O primeiro nome não veio para explicar —
veio para convocar.
Senha de uma porta que não se vê,
metal ainda bruto na forja do peito,
mapa sem legenda
que só a vida aprende a ler.

Há um segredo que o tempo não consegue apagar:
o primeiro nome é o padrão original.
A matriz íntima —
aquilo que se passa a vida buscando sem saber,
como quem procura a própria casa
em ruas que nunca viu.

Por isso a busca é eterna e, no início, inconsciente:
corre-se atrás de versões,
colecionam-se espelhos,
aprendem-se papéis com excelência…
e o coração, silencioso, insiste
naquilo que reconhece antes de compreender.

Porque já existíamos
antes do primeiro nascimento.
Antes do corpo assinar a matéria,
antes da densidade fechar a porta do infinito.
Havia um “antes” sem relógio,
um estado de ser sem peso,
onde identidade não era defesa —
era vibração.

Então vem a troca de peles.
A cidade encosta suas mãos no rosto
e chama de “normal” o que é só costume.
A rotina veste com tecidos práticos:
função, urgência, prova, resposta.
E o primeiro nome
fica guardado em algum lugar do silêncio,
como um instrumento fino
que ninguém mais afina.

Mas ele não morre.
Ele espera.

E quando a busca atravessa a névoa
e se torna consciente,
não é “mudança de opinião”:
é o que chamamos de despertar.
Um estalo elegante —
como se a alma dissesse:
“Ah… então era isso que eu estava lembrando.”

Reconhece-se —
com uma calma quase insolente —
que não se cabe no que o espelho confirma.

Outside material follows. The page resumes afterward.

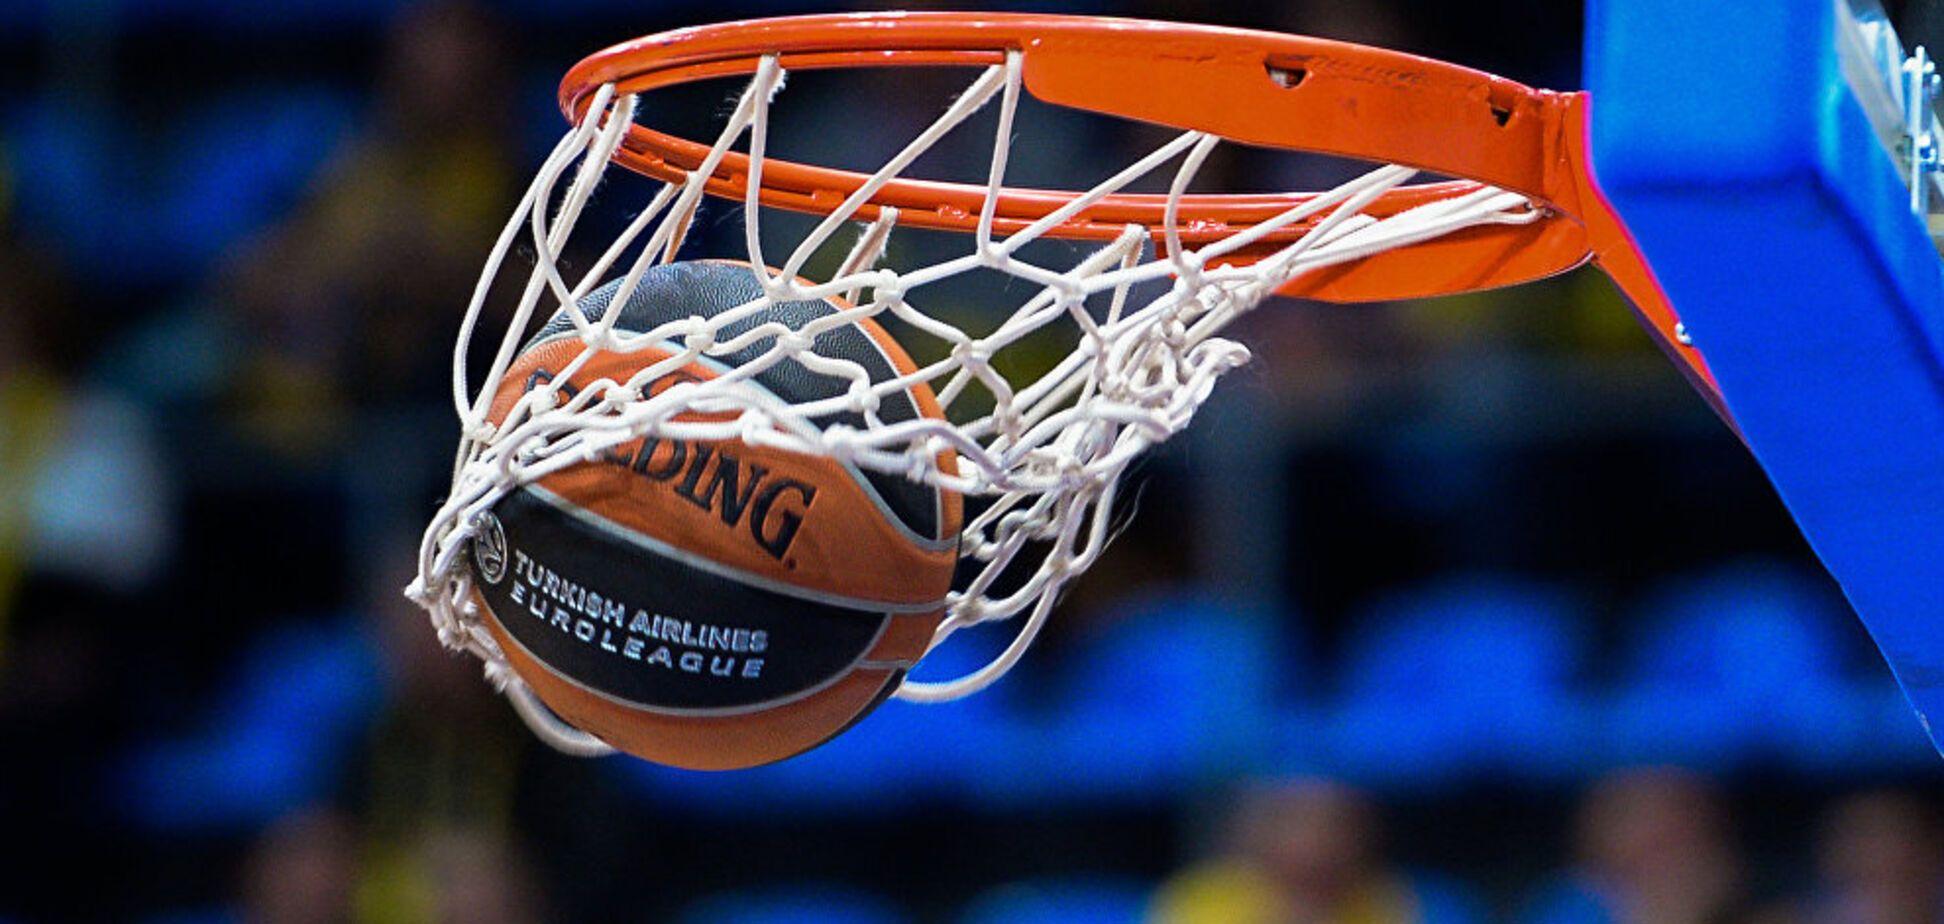 Стали відомі суперники жіночої баскетбольної команди 'Прометей' в Єврокубку

No despertar, isso acontece sem alarde:
fica claro que se é mais do que a imagem,
mais do que o nome social,
mais do que a pele que o mundo aprendeu a ler.

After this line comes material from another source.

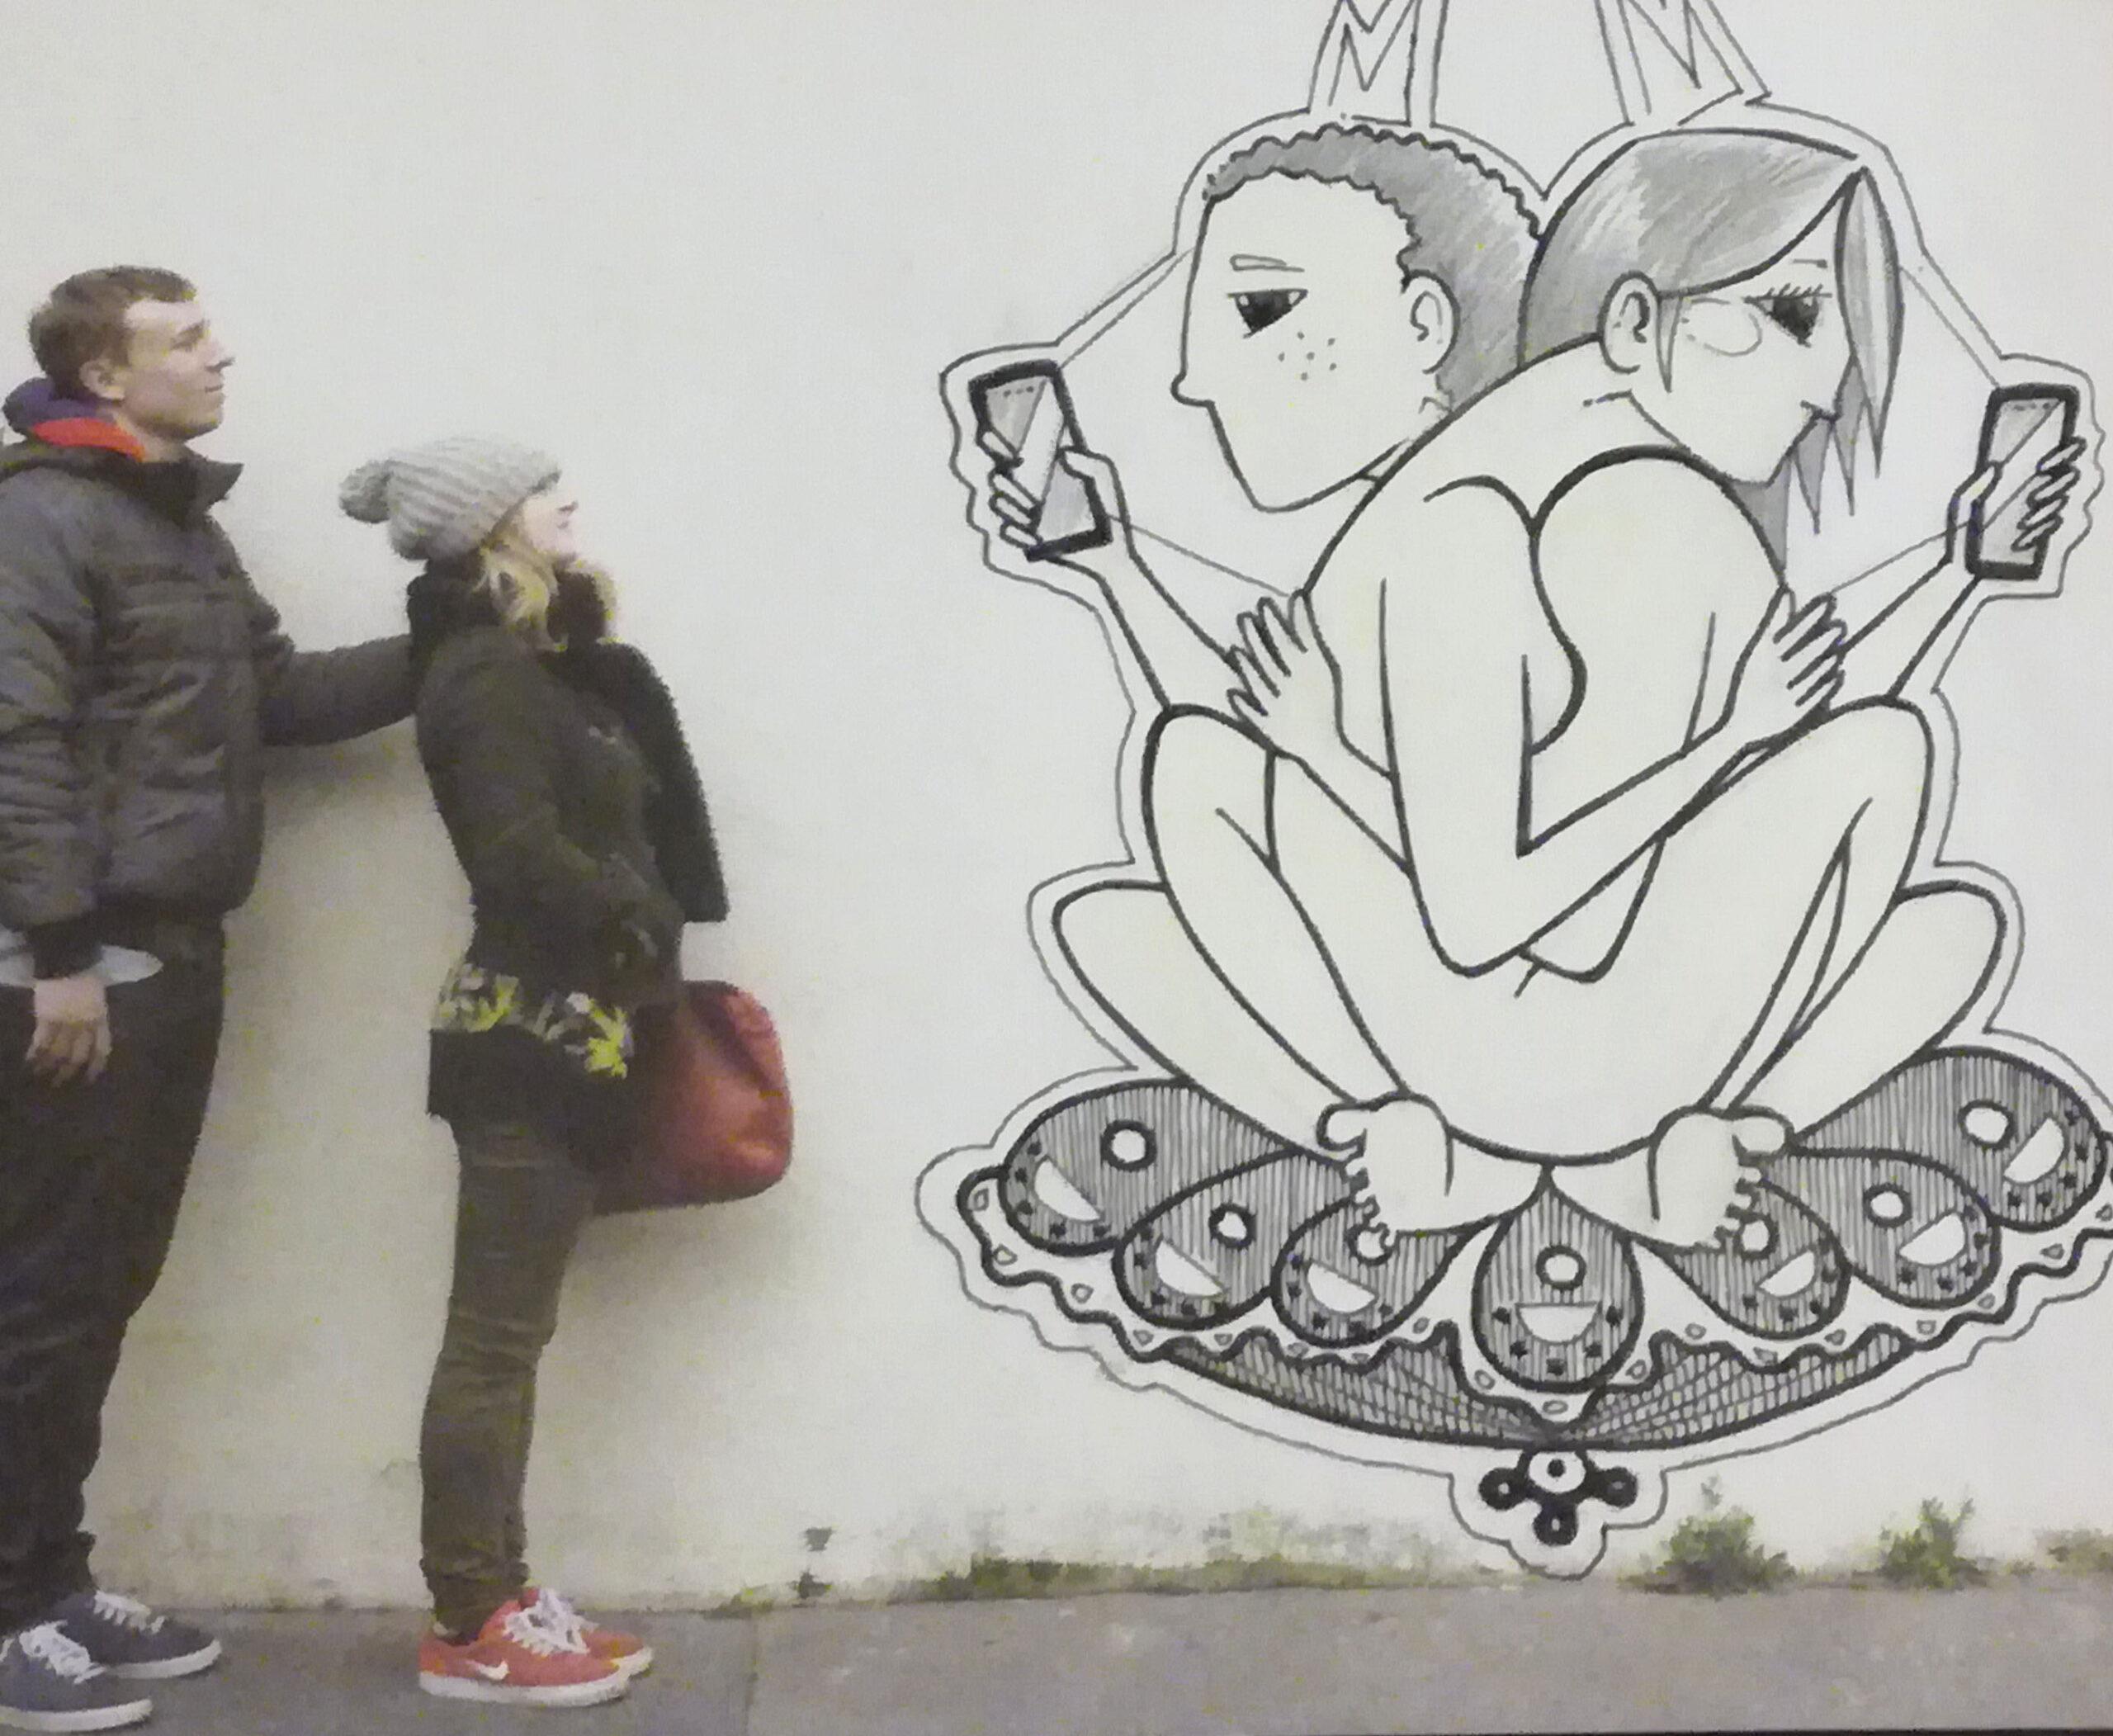 reflexion - vie de couple abys illustration - crosuis sexualité contemporaine

E então uma lei sutil se revela:
não basta “se saber” — é preciso se encontrar.
Encontrar-se de verdade:
tocar o próprio centro
e sentir o corpo de luz voltando ao corpo,
como presença ocupando o que sempre foi seu.

E, ao se encontrar, se conectar —
não a alguém,
mas ao próprio eixo.
Fechar o circuito interno
entre mente, coração e substância,
até que o ser deixe de ser fragmento
e se torne unidade.

Nesse ponto, a busca muda de textura.
Vira compromisso.

Algo se alinha por dentro,
como se a vida inteira estivesse esperando
aquele encaixe silencioso entre essência e direção.
E, discreta e sobriamente,
a unidade se acende: torna-se luz —
não espetáculo,
mas clareza.

A troca de peles, afinal, não era perda:
era teste de fidelidade.
A vida mudou por fora
para ver se o centro permanecia.

E quando a clareza chega,
tudo fica simples do jeito certo:
o ruído cai,
o chamado permanece,
e o caminho — finalmente —
parece lembrar o padrão original.

Aí se entende por que o primeiro nome não é passado:
é origem em estado de presença.
É a nota fundamental
quando toda música se confunde.
É a casa invisível,
agora acesa por dentro,
no exato ponto em que o ser inteiro diz:
Eu Sou.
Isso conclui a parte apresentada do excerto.